Exercise directions - Without any images, write the data out exactly as it appears.

Data below -
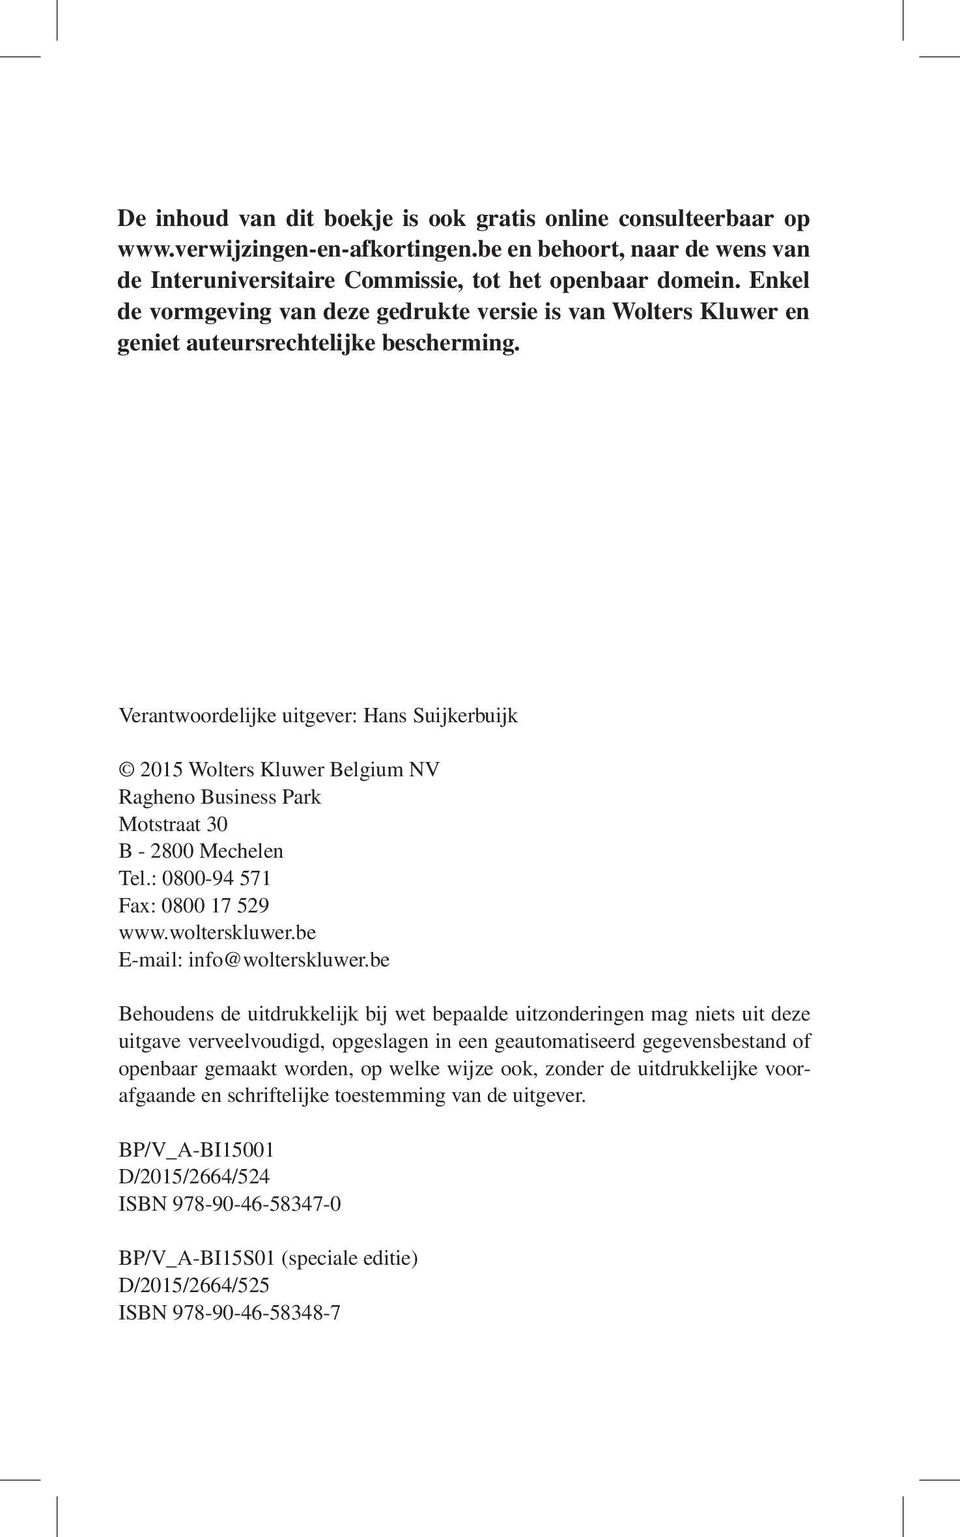 Verantwoordelijke uitgever: Hans Suijkerbuijk 2015 Wolters Kluwer Belgium NV Ragheno Business Park Motstraat 30 B - 2800 Mechelen Tel.: 0800-94 571 Fax: 0800 17 529 www.wolterskluwer.
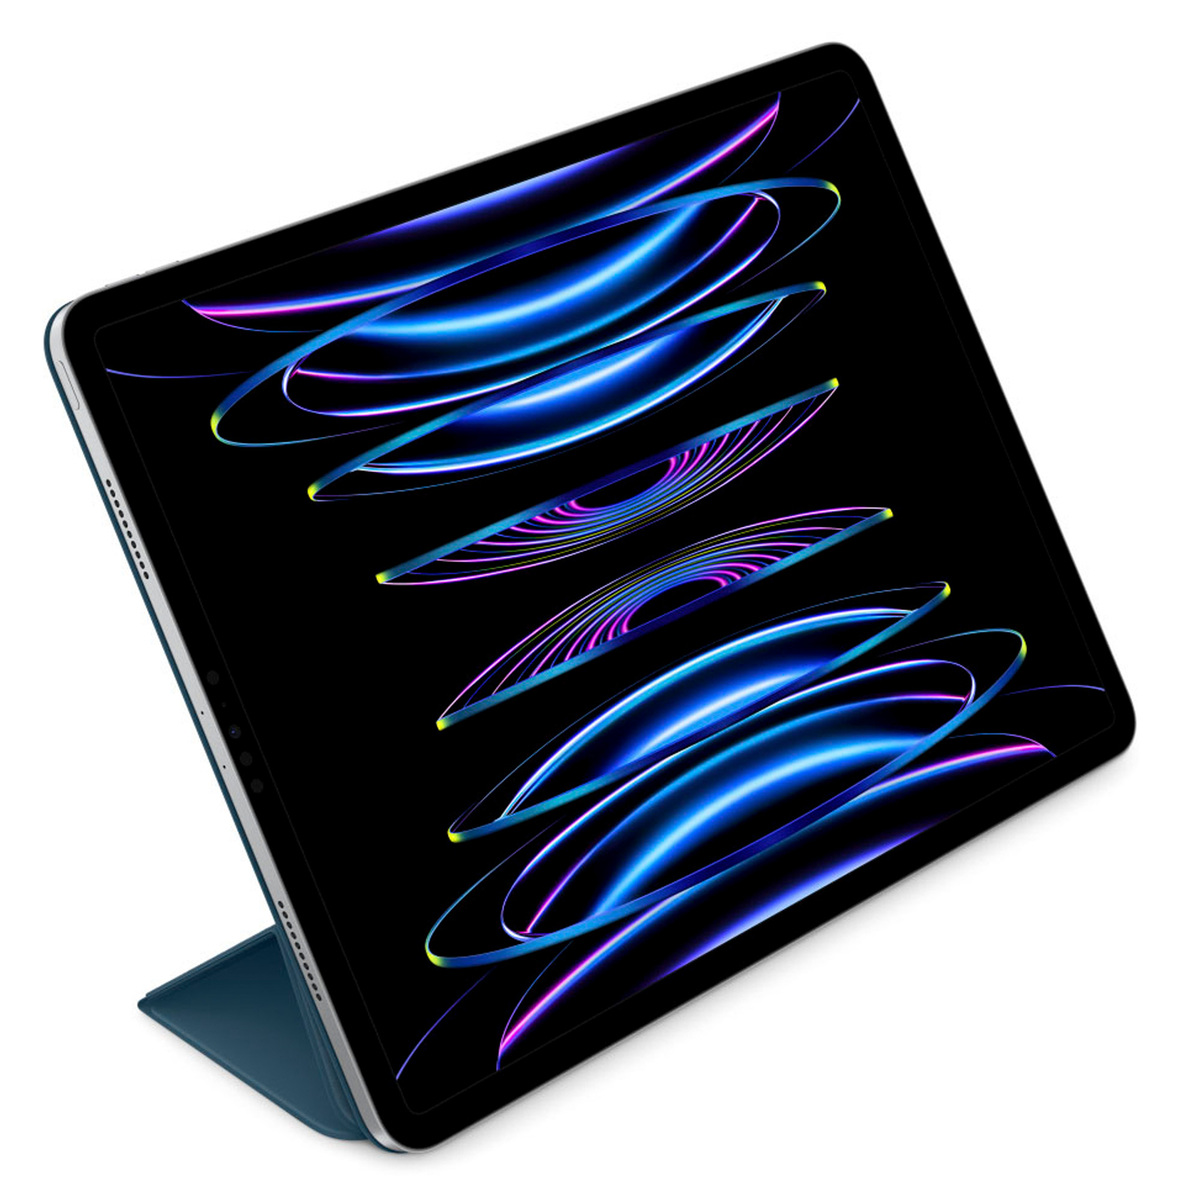 Apple Smart Folio for iPad Pro (6th generation), 12.9 inches, Marine Blue, MQDW3ZE
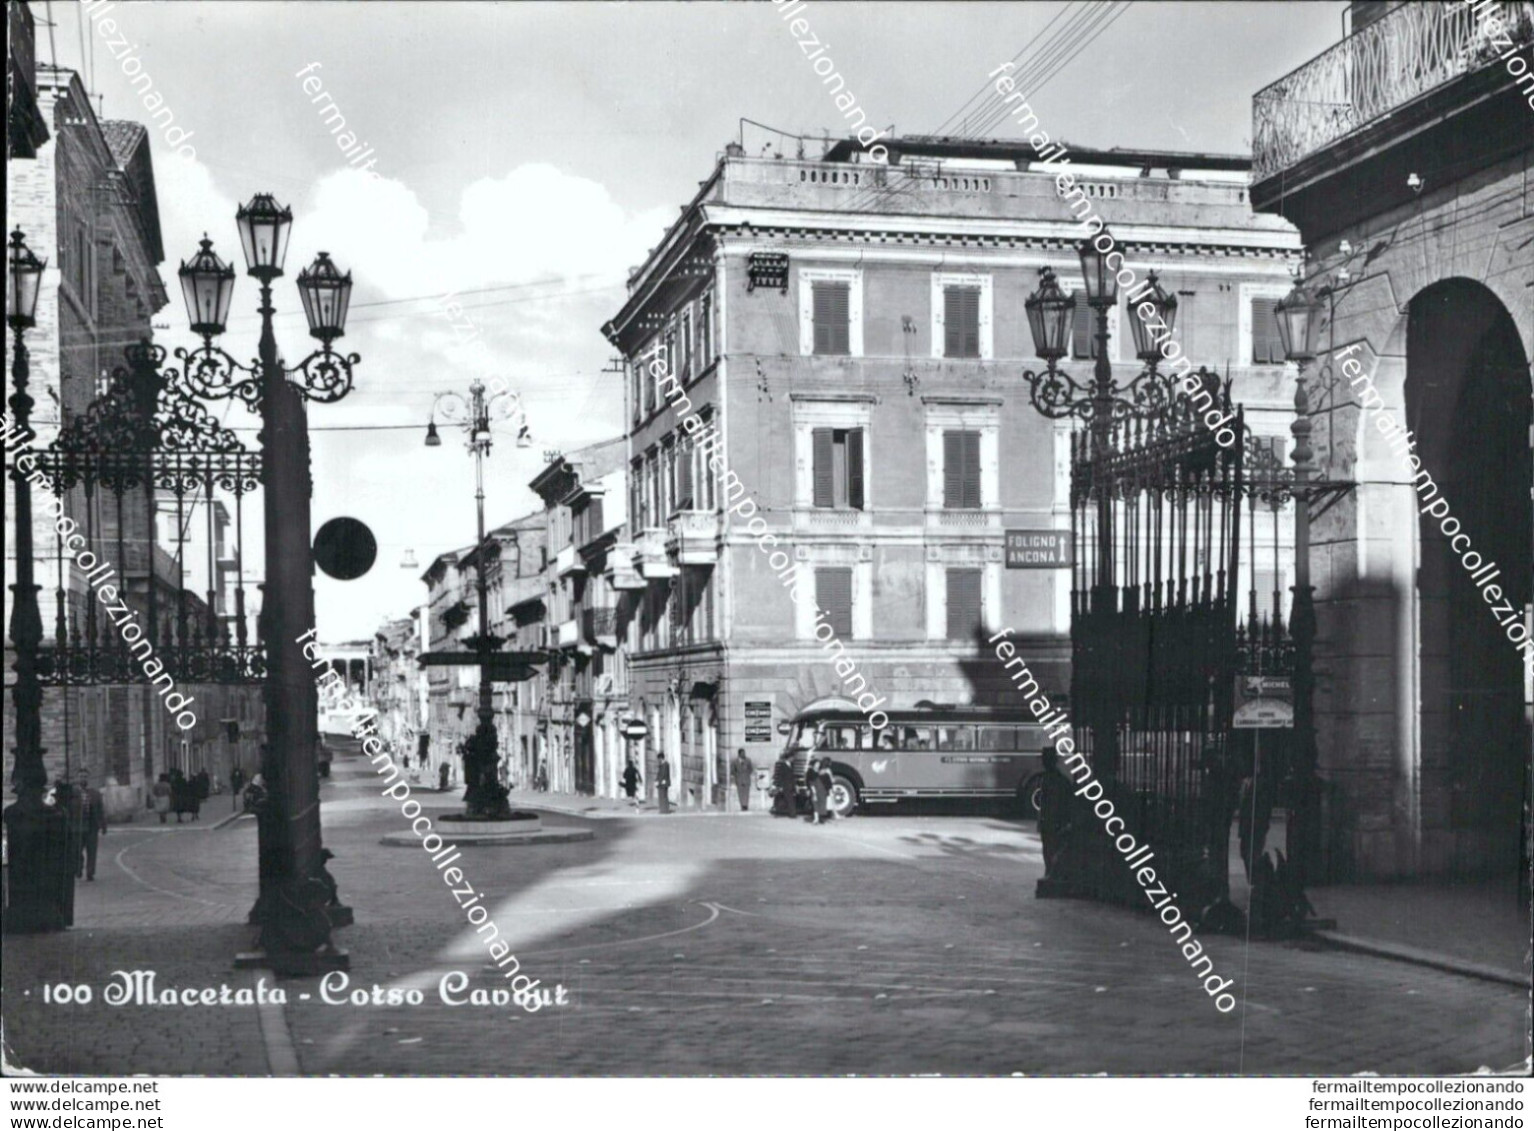 At363 Cartolina Macerata Citta' Corso Cavour - Macerata

Answer to this exercise -
 Verantwoordelijke uitgever: Hans Suijkerbuijk 2015 Wolters Kluwer Belgium NV Ragheno Business Park Motstraat 30 B - 2800 Mechelen Tel.: 0800-94 571 Fax: 0800 17 529 www.wolterskluwer.
 Apple Smart Folio for iPad Pro (6th generation), 12.9 inches, Marine Blue, MQDW3ZE
 At363 Cartolina Macerata Citta' Corso Cavour - Macerata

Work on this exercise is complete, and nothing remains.